What you have to do:
Using the entries that follow, transcribe only the lines from the line with "Diptyque de paysage" to the line with "Lima: Schwimmen im", both included, exactly as they stand and without pictures.

Input records:

========================================

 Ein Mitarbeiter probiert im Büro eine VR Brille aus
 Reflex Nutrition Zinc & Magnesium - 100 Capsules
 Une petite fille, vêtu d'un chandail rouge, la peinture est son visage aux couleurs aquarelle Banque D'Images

========================================

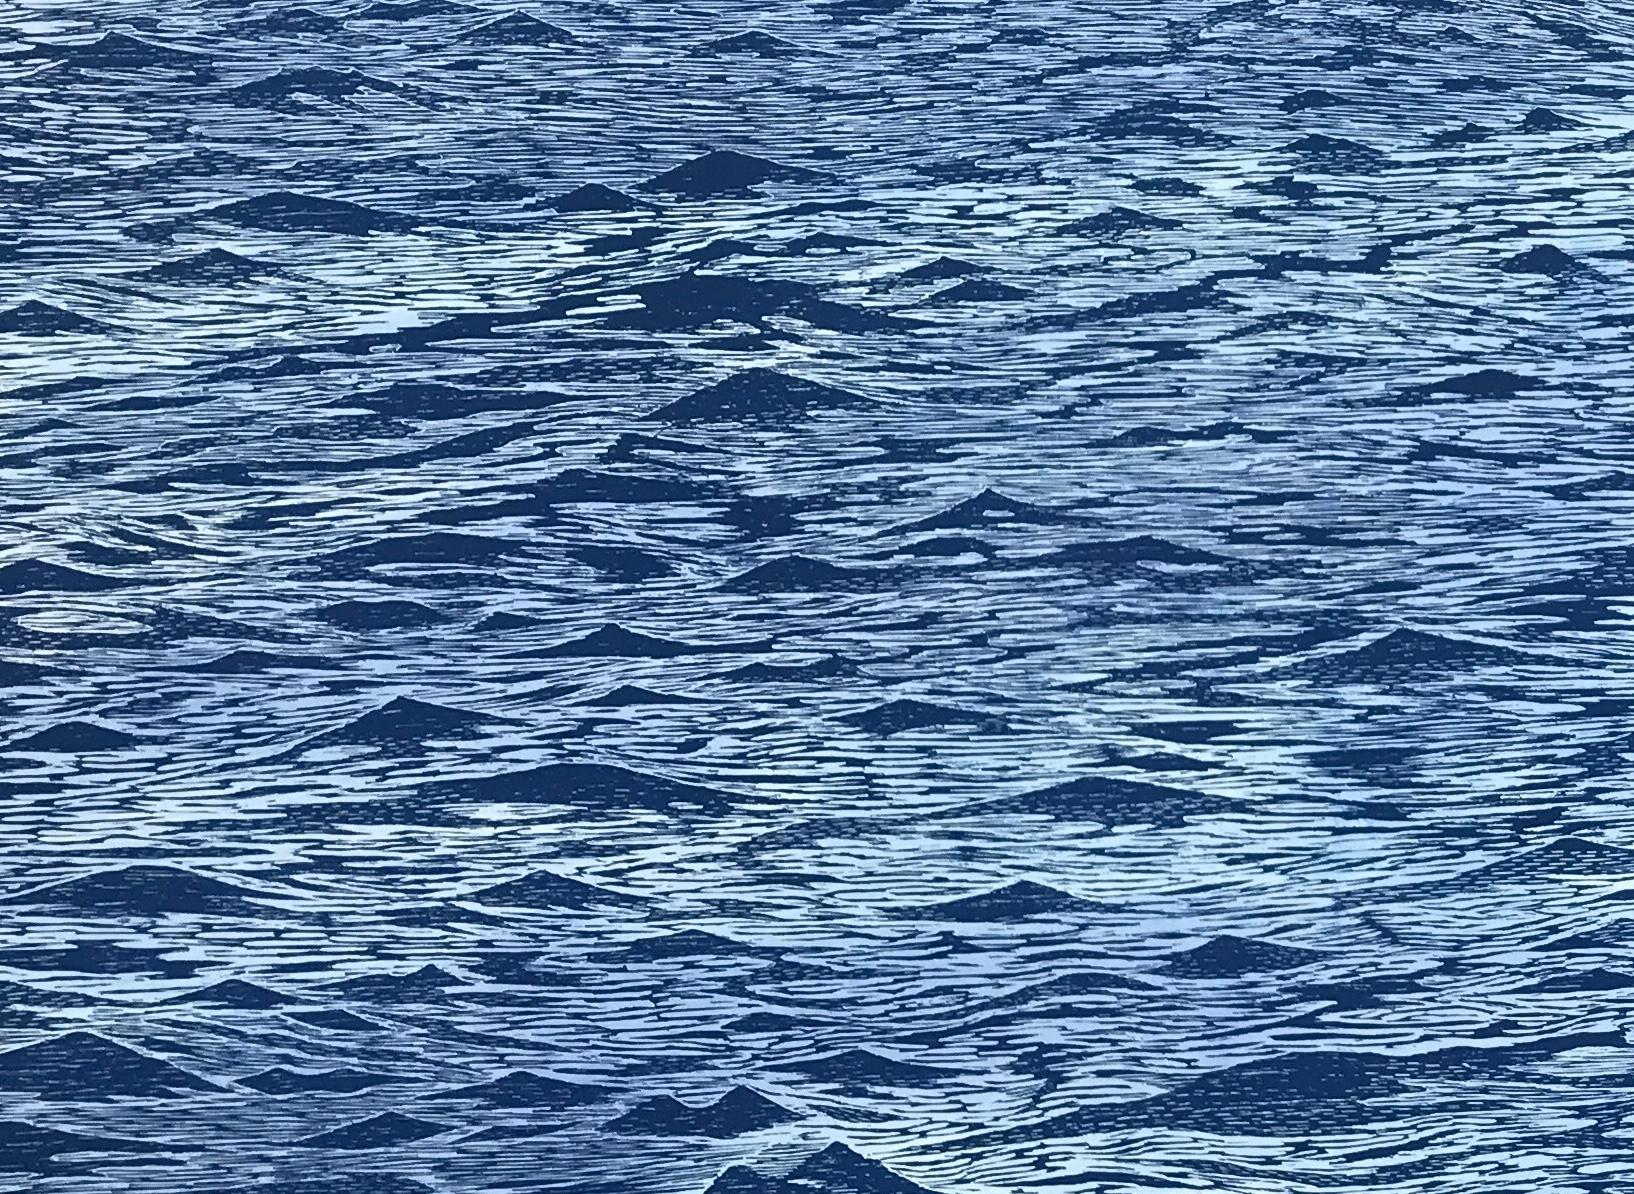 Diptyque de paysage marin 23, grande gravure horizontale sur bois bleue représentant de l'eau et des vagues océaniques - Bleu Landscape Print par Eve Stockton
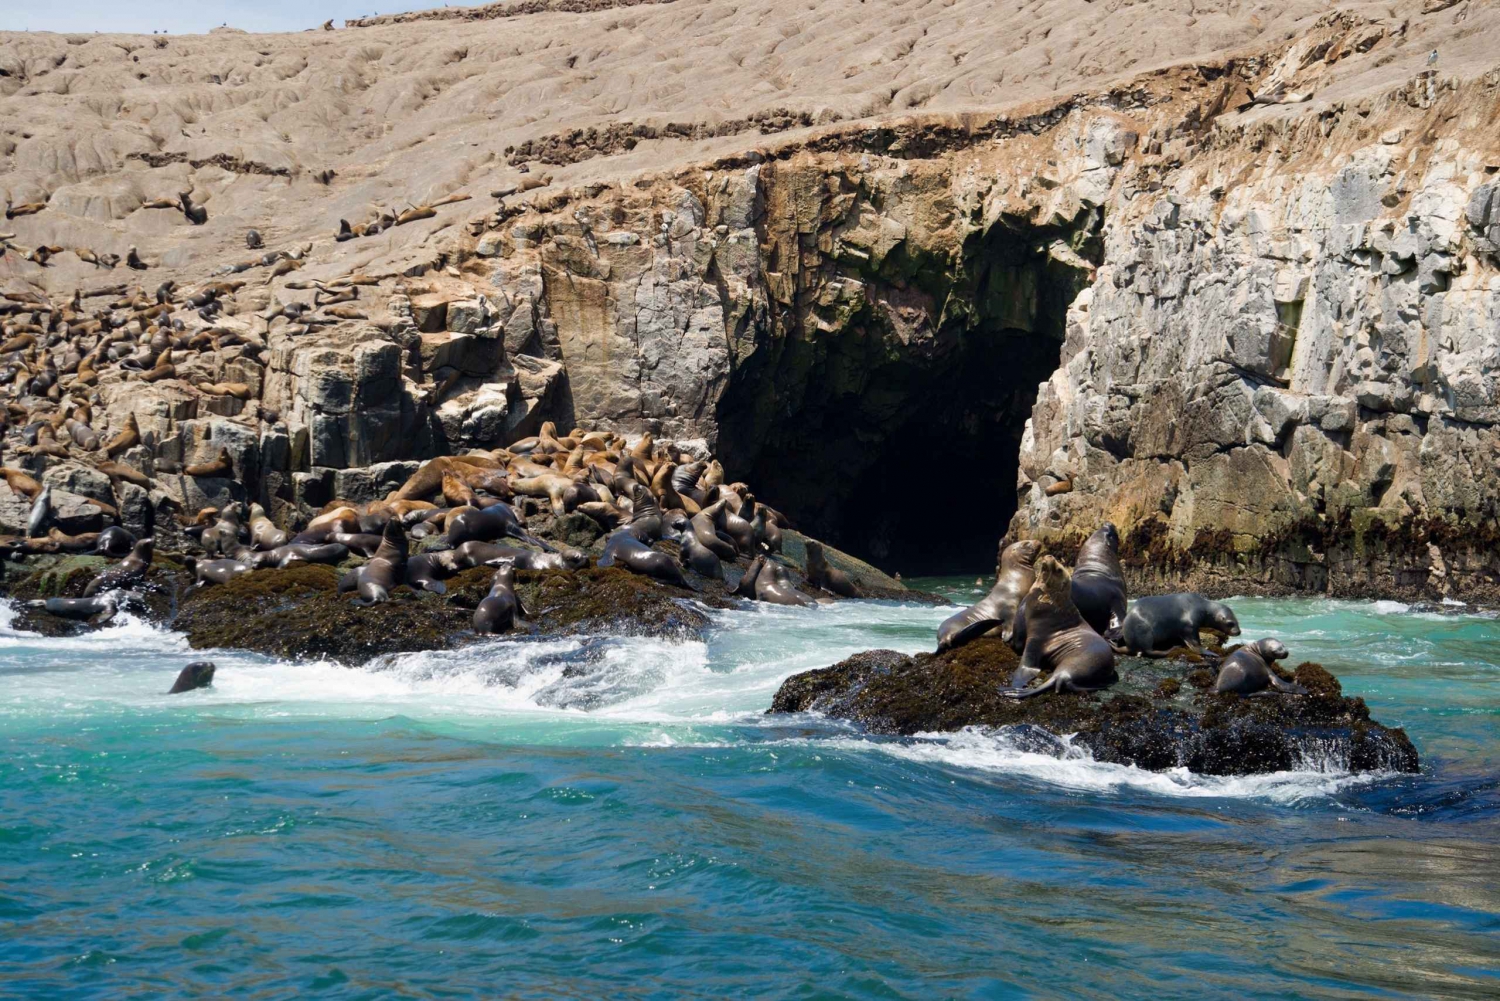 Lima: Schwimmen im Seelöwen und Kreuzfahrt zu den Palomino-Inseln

========================================

Solution below:
 Diptyque de paysage marin 23, grande gravure horizontale sur bois bleue représentant de l'eau et des vagues océaniques - Bleu Landscape Print par Eve Stockton
 Lima: Schwimmen im Seelöwen und Kreuzfahrt zu den Palomino-Inseln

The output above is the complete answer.